It’s a warm Sunday afternoon in Phoenix, and I’m making my first pot of beans in over a year. It’s been that long not because I don’t love beans, because that’s absolutely not true being brought up on Mexican food that will fill your soul.
It’s been that long because I adore the recipe, and the specific way that these beans taste, and this brings everything back. This is my grandmother’s recipe. It’s short, and simple, but it’s generous. And every step of it requires my attention and care.
And this afternoon, as I was separating the beans and checking its water, I was reminded of this saying – hold it loosely. And until today, I always thought that it meant to not get too close. To back off when you see change, or when it hurts, or when you feel scared. To just let go. And for me, it meant to go on without it.
Because it is too much.
That maybe the way that I connect to these things, and these people, is too much.

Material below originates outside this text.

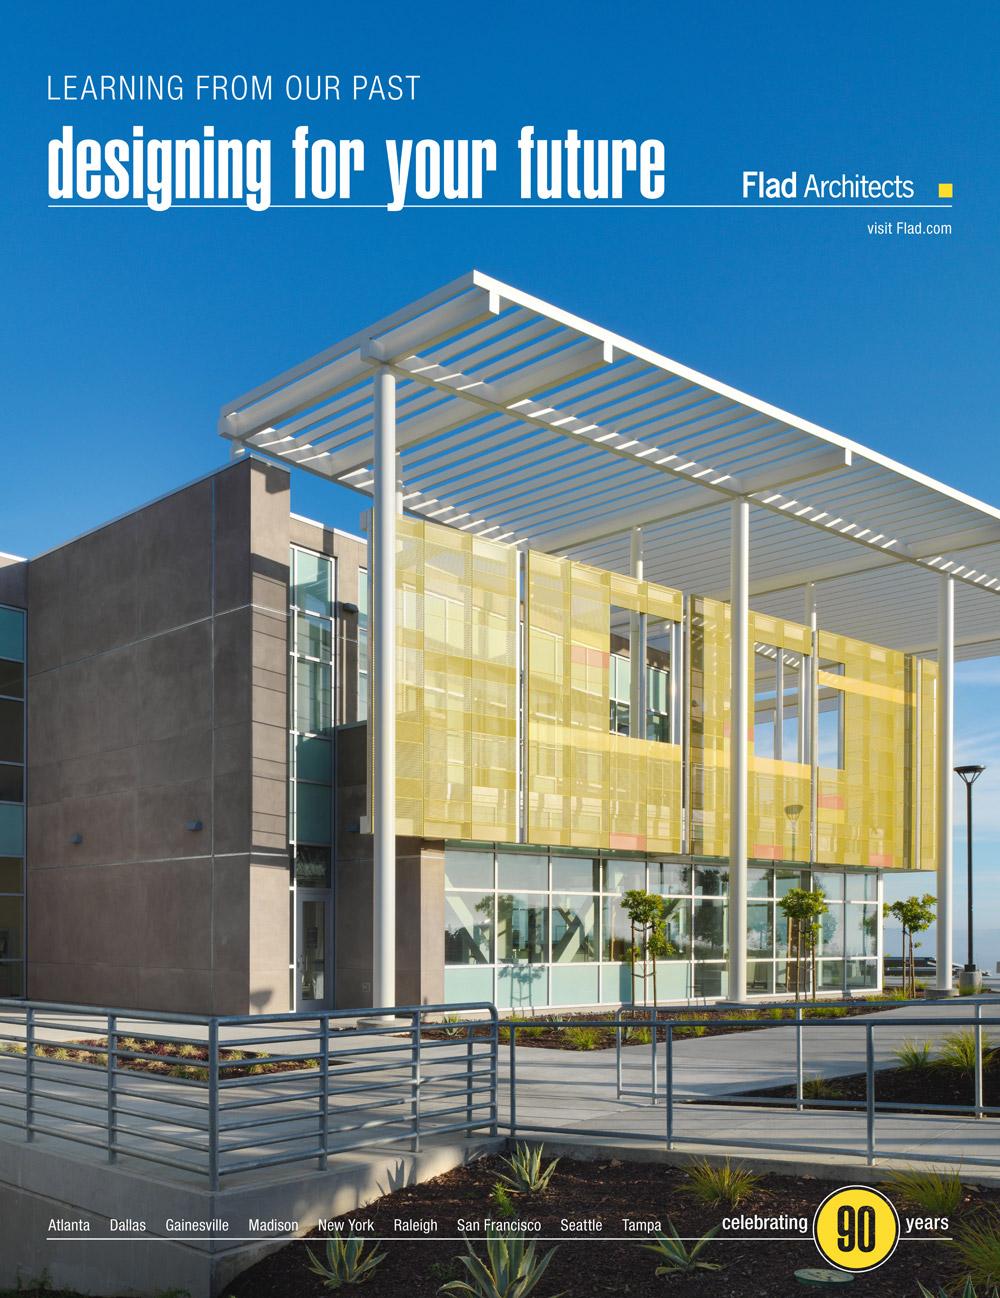 flad_architects_ad

That there is something wrong with the way I love.
That the hurt means I’ve messed up.
But as I tasted this pot of beans, it didn’t hurt. I smiled, and maybe my tears welled up for a few moments, but it felt good. To sit in the place where I know there’s hurt, because there’s also abundance there. And I could sit there as long as I wanted.
As I brought the spoon to my lips, again and again, the food told a story to my body. One that it knew it wanted, and one that it missed very much. And I felt freed. And it was like nothing had changed, while also feeling that everything could change, and there would always be this.
If I am to go back the place that I’ve spent so much time avoiding, because I thought it would hurt too much, or it wouldn’t be the same, I also find that hold it loosely means to keeping holding it.
In a way that will allow change.
Hold it, loosely.
Dance with it.
Let it be brilliant, and it always will be.